Intraoperative physiological variables, including heart rate, respiratory rate, mean arterial pressure, oxygen saturation, and body temperature, were recorded. Postoperative pain was assessed at 2 and 4 h after extubation using a species-adapted version of the University of Melbourne Pain Scale. The requirement for rescue analgesia was recorded as a secondary outcome. All evaluations were performed by a single blinded observer. Physiological variables were recorded at predefined intraoperative timepoints corresponding to standardized surgical stages. Physiological variables were recorded every five minutes, and the values reported at each timepoint represent the mean of the measurements obtained during each surgical stage. T0 was defined as the period immediately after induction of anaesthesia and during performance of the ultrasound-guided nerve blocks; this pre-surgical phase lasted approximately 15 min. To minimize potential bias related to elapsed time, control animals were maintained under identical anaesthetic conditions for the same 15-min period before skin incision.

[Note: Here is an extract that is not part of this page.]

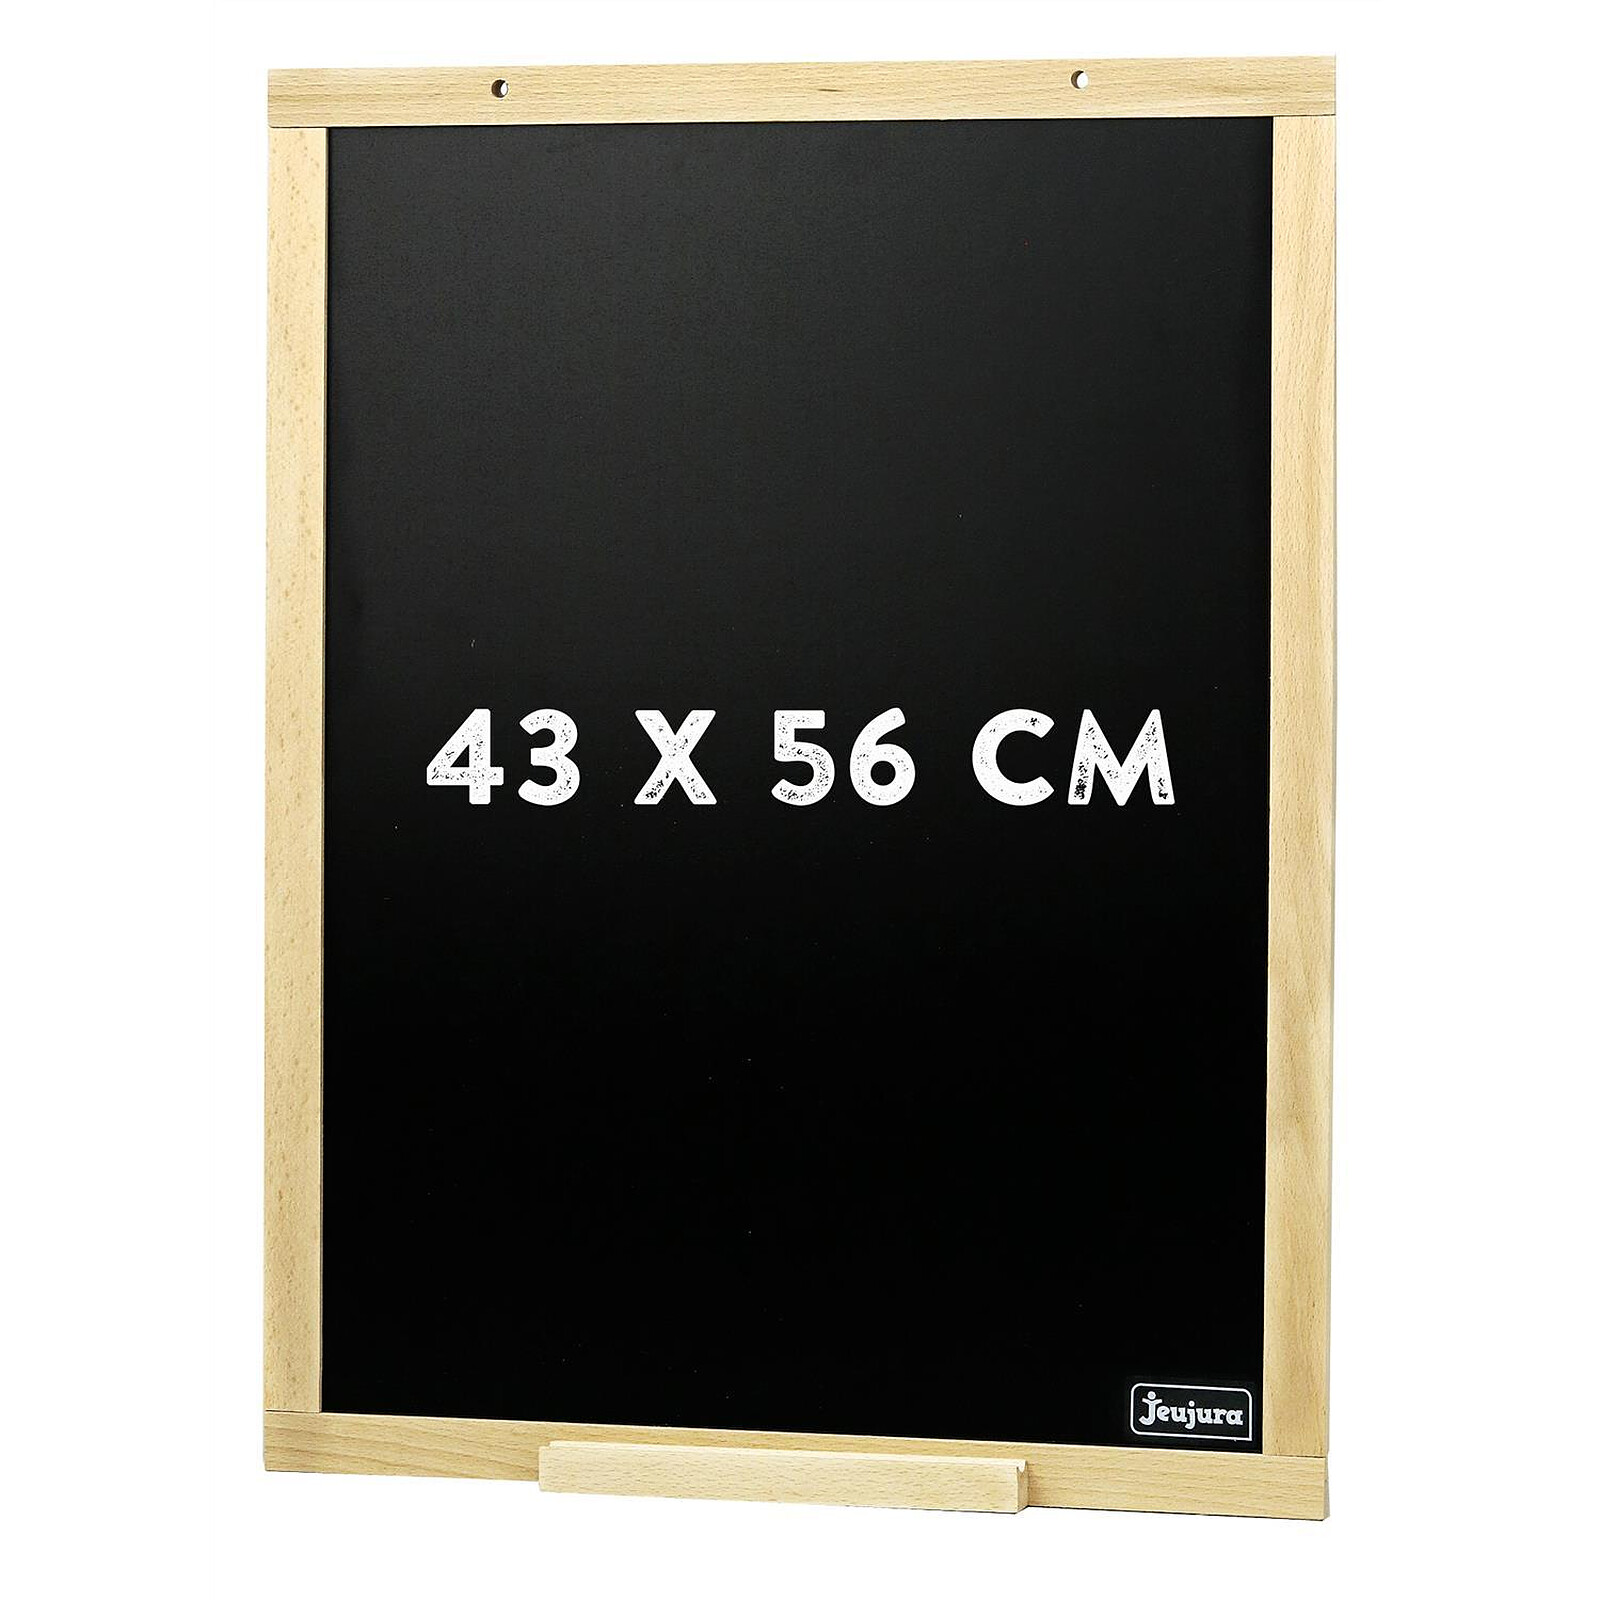 Grand tableau noir pour craie avec cadre en bois - 90 x 60 cm

T1 corresponded to skin incision and soft-tissue approach to the surgical site (approximately 10 min). T2 corresponded to the osteotomy stage (approximately 20 min). T3 corresponded to implant placement (plate fixation; approximately 15 min). T4 corresponded to layered wound closure (approximately 10 min). Animals with intraoperative complications or procedure times outside the predefined ranges were not included in the study to ensure comparable surgical duration across groups. The total duration of anaesthesia (from induction to discontinuation of inhalant anaesthesia) was approximately 90 min in all animals, and the surgical duration (from skin incision to completion of skin closure) was approximately 55 min. For postoperative assessments, time was referenced to discontinuation of inhalant anaesthesia (end of isoflurane administration), as this timepoint was standardized across animals and marked the start of recovery.
2.2.1. Premedication and Induction of Anaesthesia
All sheep were premedicated intravenously with xylazine (0.05 mg/kg) and ketamine (0.4 mg/kg) and left undisturbed for 15 min. After adequate sedation, a 20 G intravenous catheter was aseptically placed in either the cephalic or saphenous vein. Anaesthesia was induced with intravenous propofol administered in incremental boluses up to a total dose of 1 mg/kg, titrated to effect until adequate conditions for endotracheal intubation were achieved. Endotracheal intubation was performed using a cuffed tube under direct laryngoscopic visualization. An orogastric tube was placed following intubation to reduce the risk of ruminal tympany and regurgitation. Baseline physiological parameters were recorded during the sedation period.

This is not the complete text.